Princesses in the tower

When I was about 11 years old, I wrote a story about an Arab princess who escaped her home country by driving over the border to a new life. My family was living in the Middle East at the time and as a child I watched the local women, wrapped in their black abayas, with growing fascination. They would waft about Abu Dhabi's shopping malls with haughty disdain, leaving a cloud of perfume in their wake. Perhaps it was just my Western sensibilities, but I liked to imagine that one or two of them were desperate to break free from the swathes of black material.

A fort in Oman
New frontiers for women of the Middle East?
With the death last week of Saudi Arabia's King Abdullah bin Abdulaziz, stories are re-emerging of real Saudi princesses locked up in palaces, unable to enjoy a normal life. According to various reports, Princesses Sahar and Jawaher have been held under house arrest in Jeddah for the last 10 years by their father, the late king. Their sisters Maha and Hala are also believed to be held at separate complexes nearby. 

The apparent crime of these young women was to speak out about human rights abuses and restrictions placed upon women in the secretive kingdom. Last March, Princess Sahar reportedly told Channel 4 News in an email, "We suffer on a daily basis... Our father said that we had no way out and that after his death our brothers will continue detaining us." The women claim that they have been starved and drugged by the regime. Princess Sahar's mother, a former wife of King Abdullah who fled to London, is campaigning for their release.

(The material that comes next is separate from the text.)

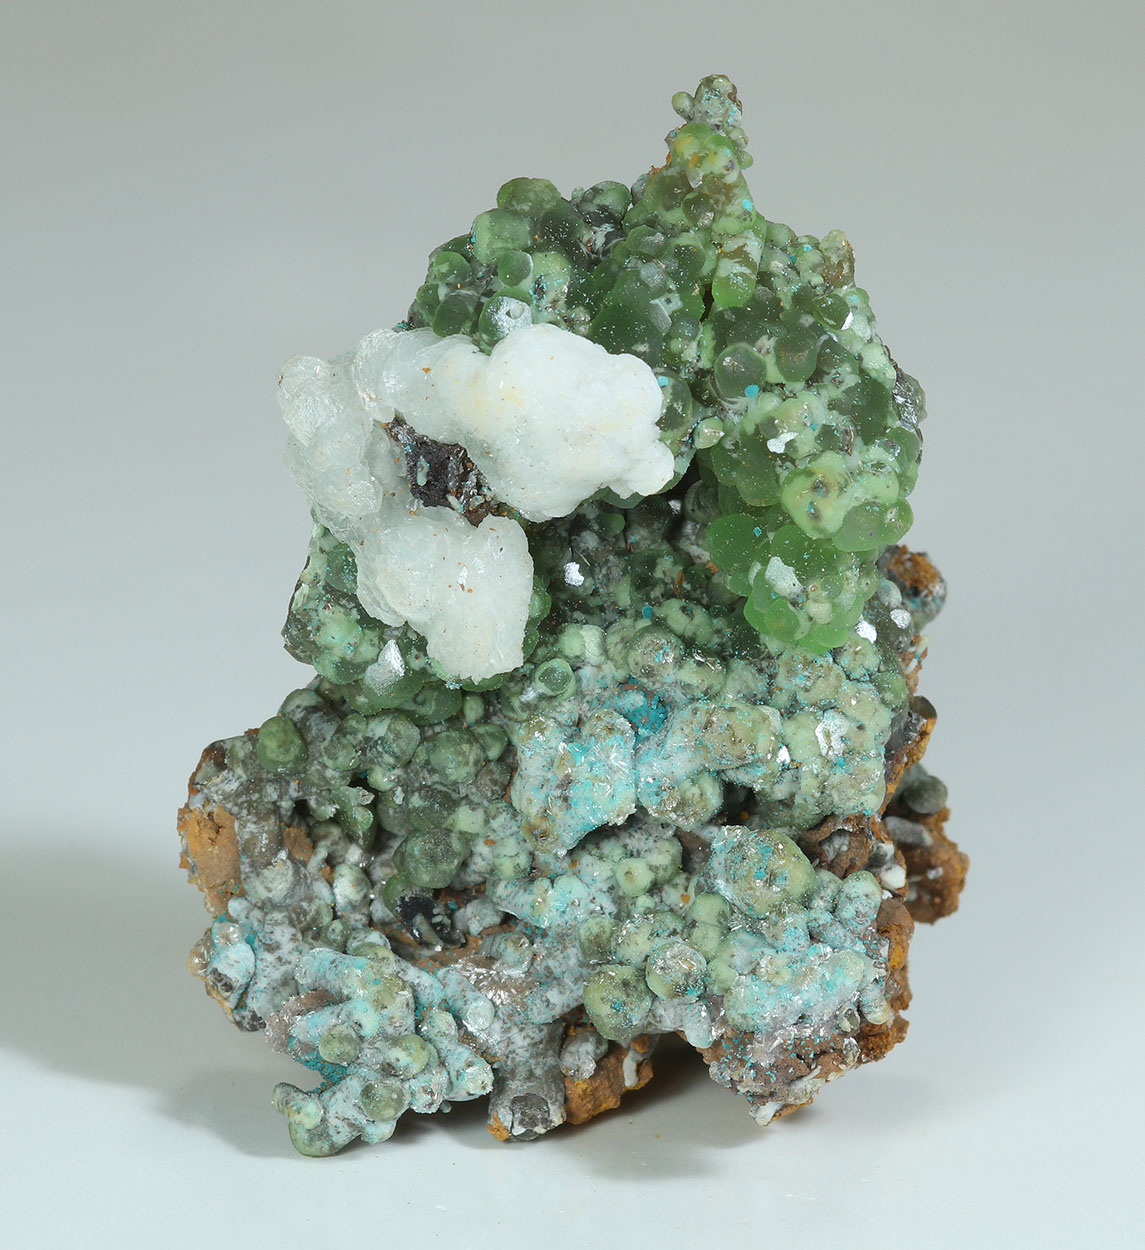 Smithsonite Aurichalcite Hemimorphite & Aragonite

Back in 2002, when I was working for BBC News Online, I wrote a positive piece about opportunities opening up for women in the Arab world. "Now it is very politically correct to address women's issues," the chair of the Arab International Women's Forum in London, Haifa Fahoum Al Kaylani, told me at the time. "It is like a competition between Arab governments to encourage women to enter business and the political process."

I am not sure such optimism has been borne out. At the end of last year two women, Loujain al-Hathloul and Maysa al-Amoudi, were detained after driving over the Saudi border from the UAE to defy a ban on female drivers in the kingdom. As Saudi women are wholly reliant upon male relatives to go out, the ban in effect gives men complete control over their women's lives. The BBC reported in December that the cases of Hathloul and Amoudi were being transferred to a court in Riyadh set up to deal with terrorist offences. Sources close to the two women said they were being charged for comments made on social media, rather than the driving stunt itself.

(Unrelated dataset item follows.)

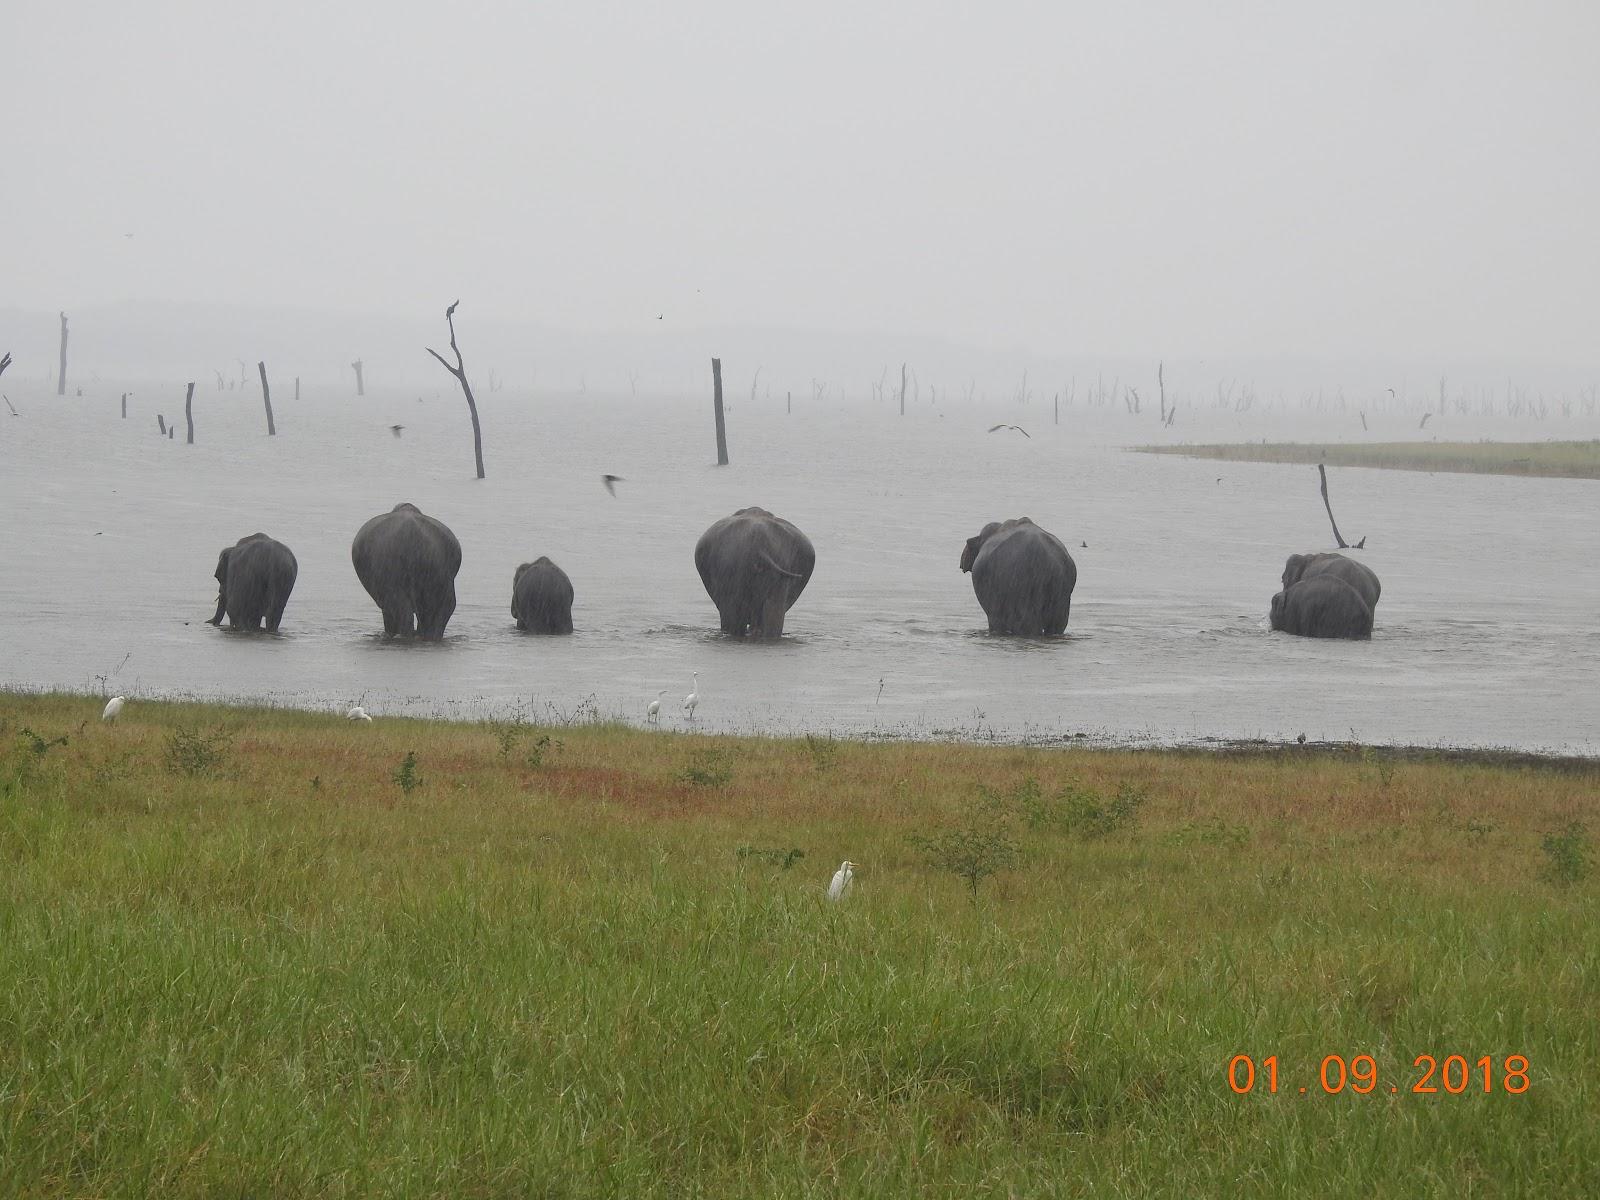 invite-to-paradise-sri-lanka-maldives-holiday-specialists-nutan-vidyut-patel-elephants-3.jpg

As leaders around the world paid tribute to King Abdullah last week, the former Conservative MP, Louise Mensch, exploded with indignation on Twitter.

However economically reliant we are upon Saudi's oil reserves, there is something repugnant about having to pay lip service to a country that treats its women so poorly. The princess in my story found her freedom. Will the women of Saudi ever enjoy the civil liberties that we in the West take for granted? At the moment, with a new conservative king in charge, such a prospect feels like fantasy.


La Prisonniere by Malika Oufkir and Michele Fitoussi
In this true story, Malika was a prisoner for 20 years after her father, a Moroccan general, fell out of favour with the king. She went from living at the royal court as a companion to the king's daughter to incarceration with her family in a desert jail.